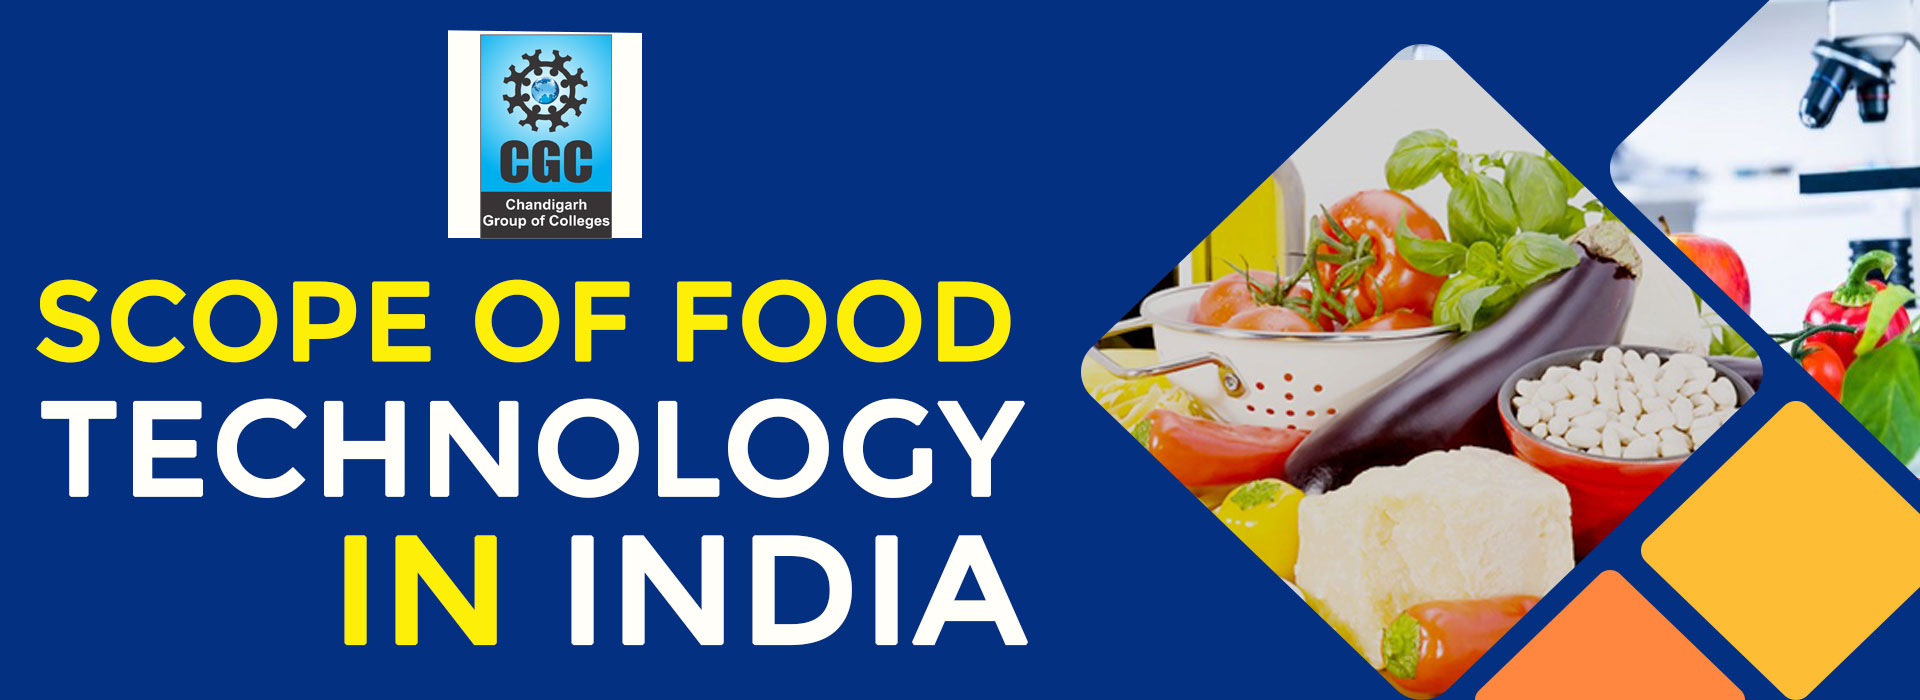 Scope of food technology in India 
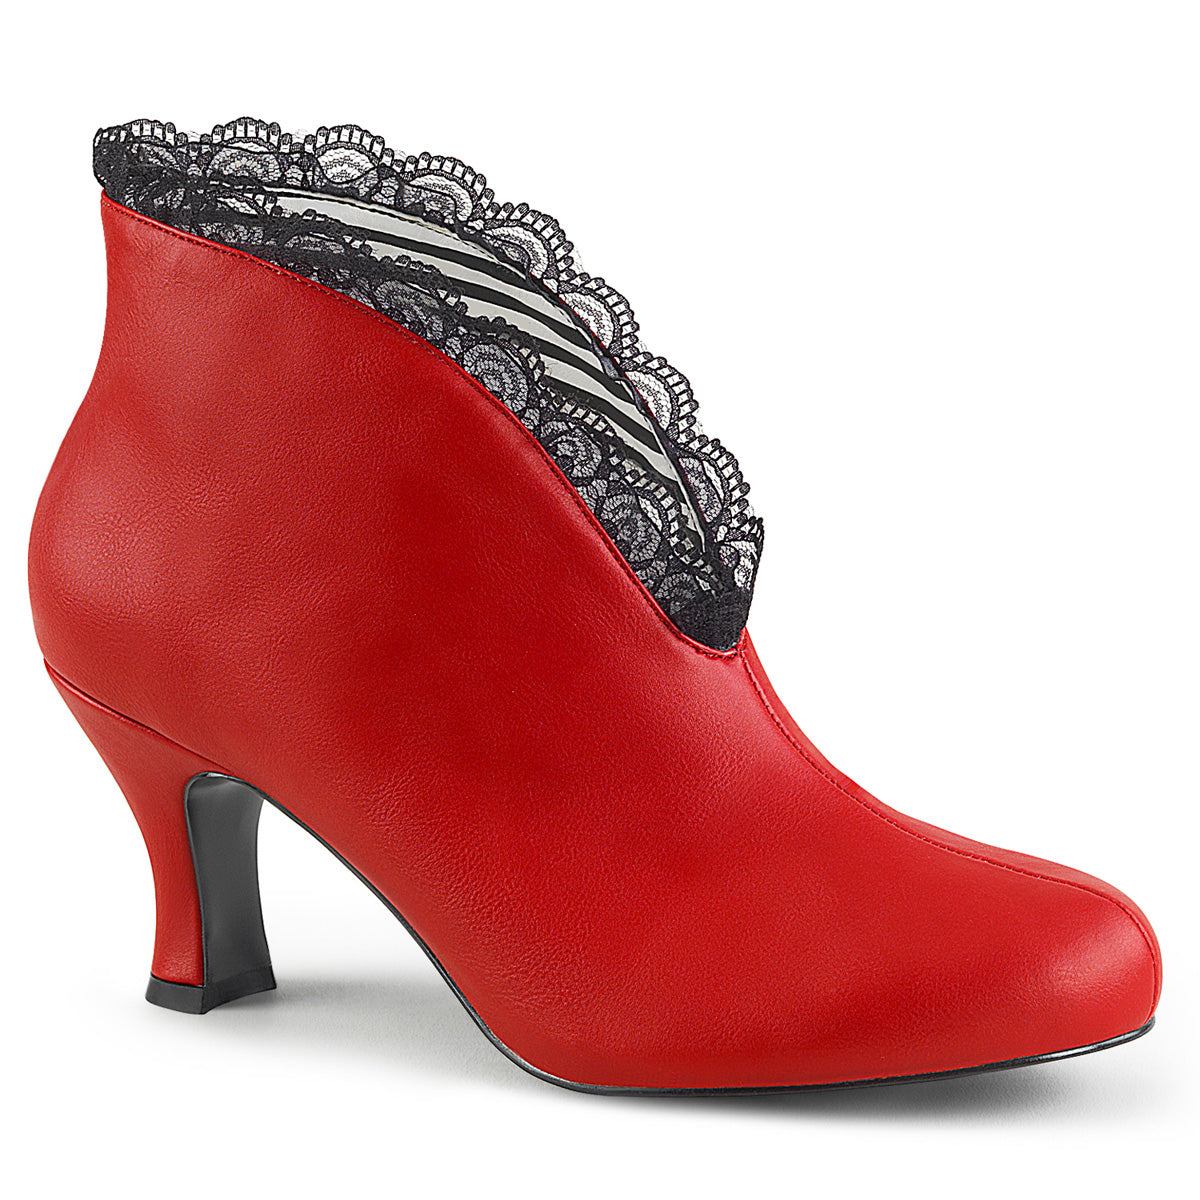 JENNA-105 - Red Fuax Leather-Blk Lace
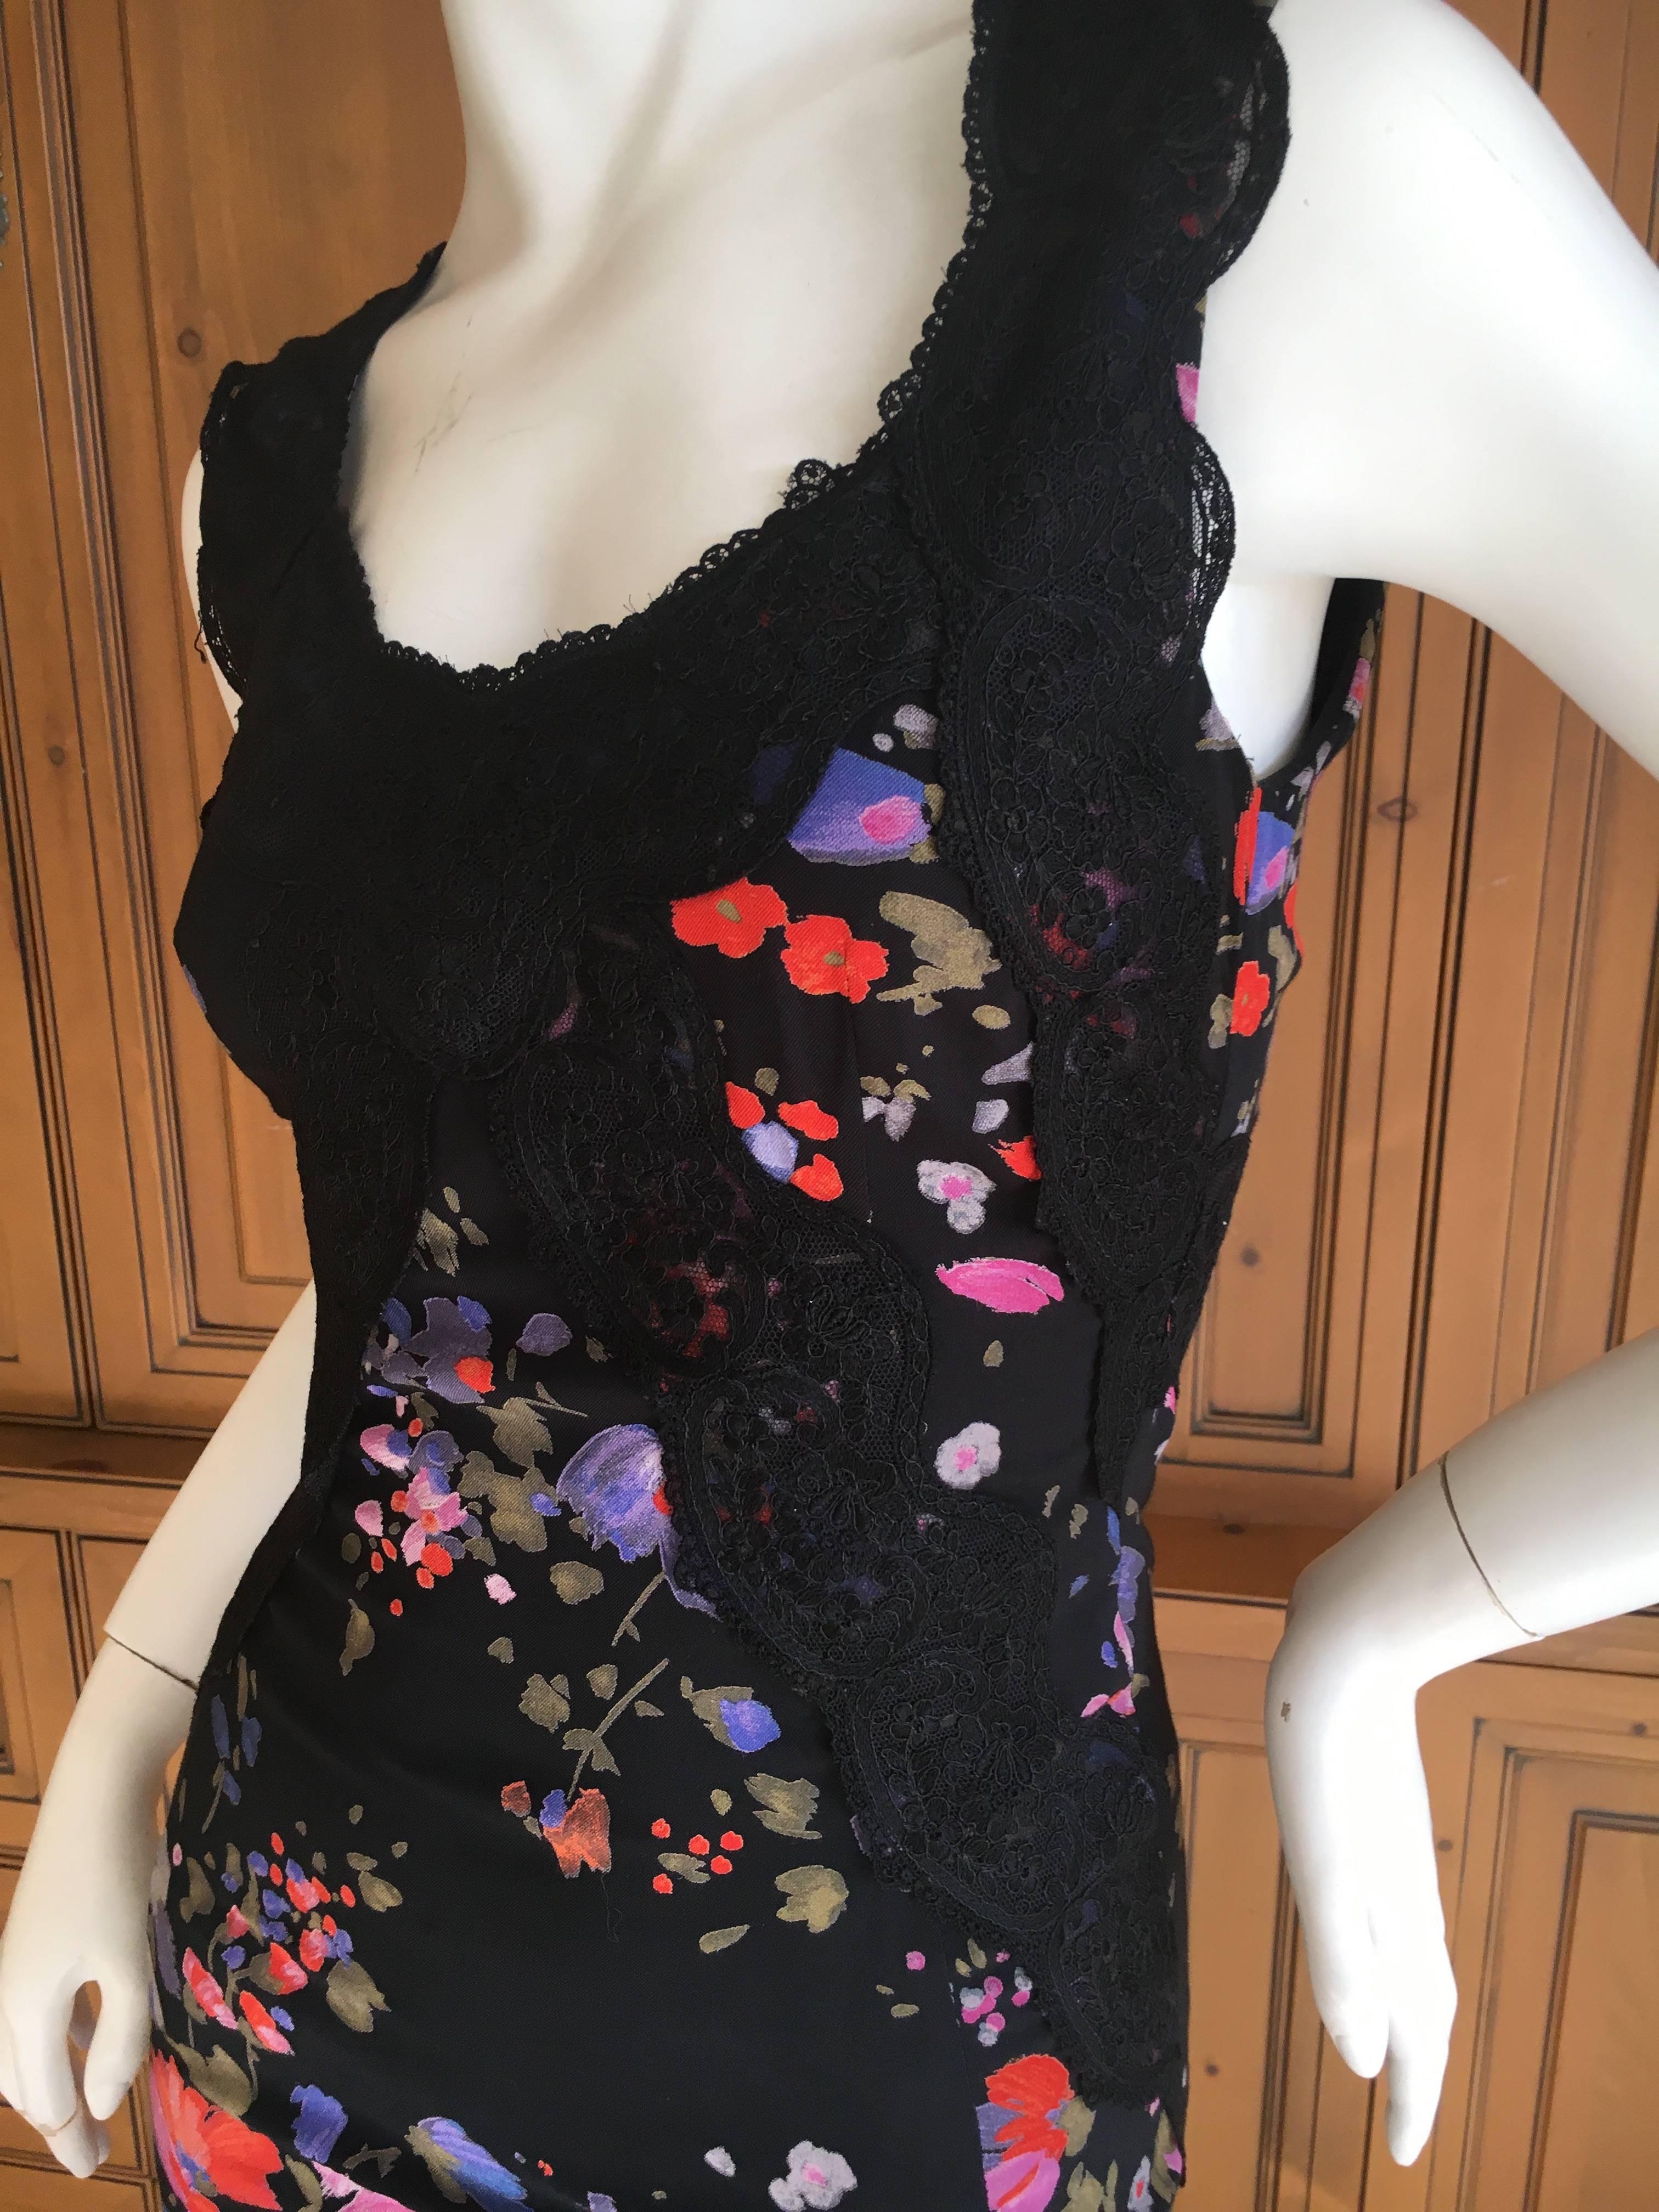 D&G Dolce & Gabbana Vintage Lace Trim Floral Dress.
Lots of cling to this sexy dress.
Size 38
Bust 36"
Waist 26"
Hips 39"
Length 39"
Excellent condition
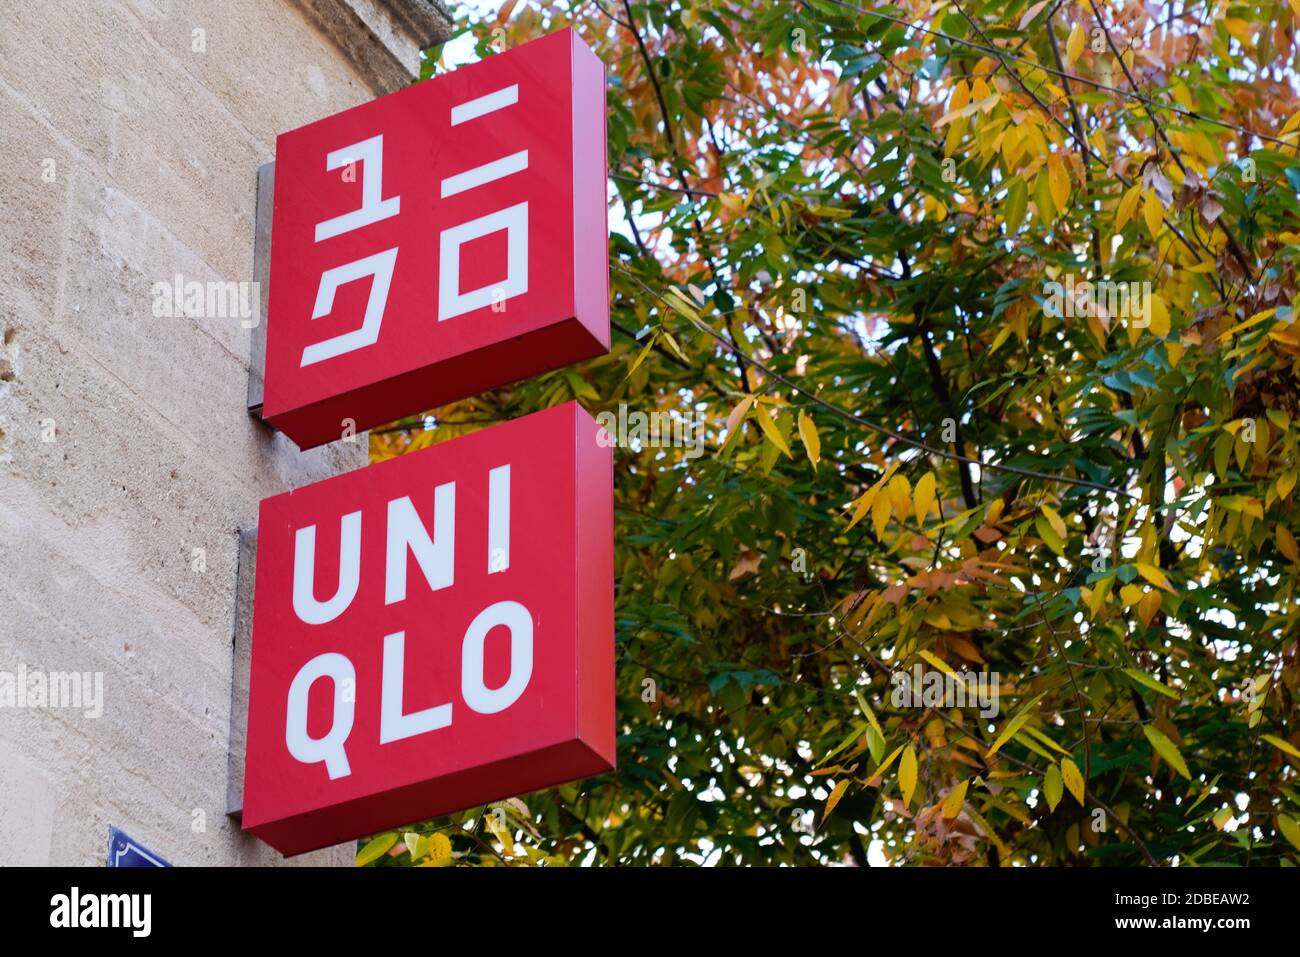 Bordeaux , Aquitaine / France - 11 01 2020 : uniqlo text sign and logo  front of store brand Japanese casual wear designer manufacturer Stock Photo  - Alamy

================================

EXERCISE: Reprint every record exactly and skip the pictures.

COMPLETED EXERCISE:
 Scope of food technology in India 
 JENNA-105 - Red Fuax Leather-Blk Lace
 D&G Dolce & Gabbana Vintage Lace Trim Floral Dress.
Lots of cling to this sexy dress.
Size 38
Bust 36"
Waist 26"
Hips 39"
Length 39"
Excellent condition
 Bordeaux , Aquitaine / France - 11 01 2020 : uniqlo text sign and logo  front of store brand Japanese casual wear designer manufacturer Stock Photo  - Alamy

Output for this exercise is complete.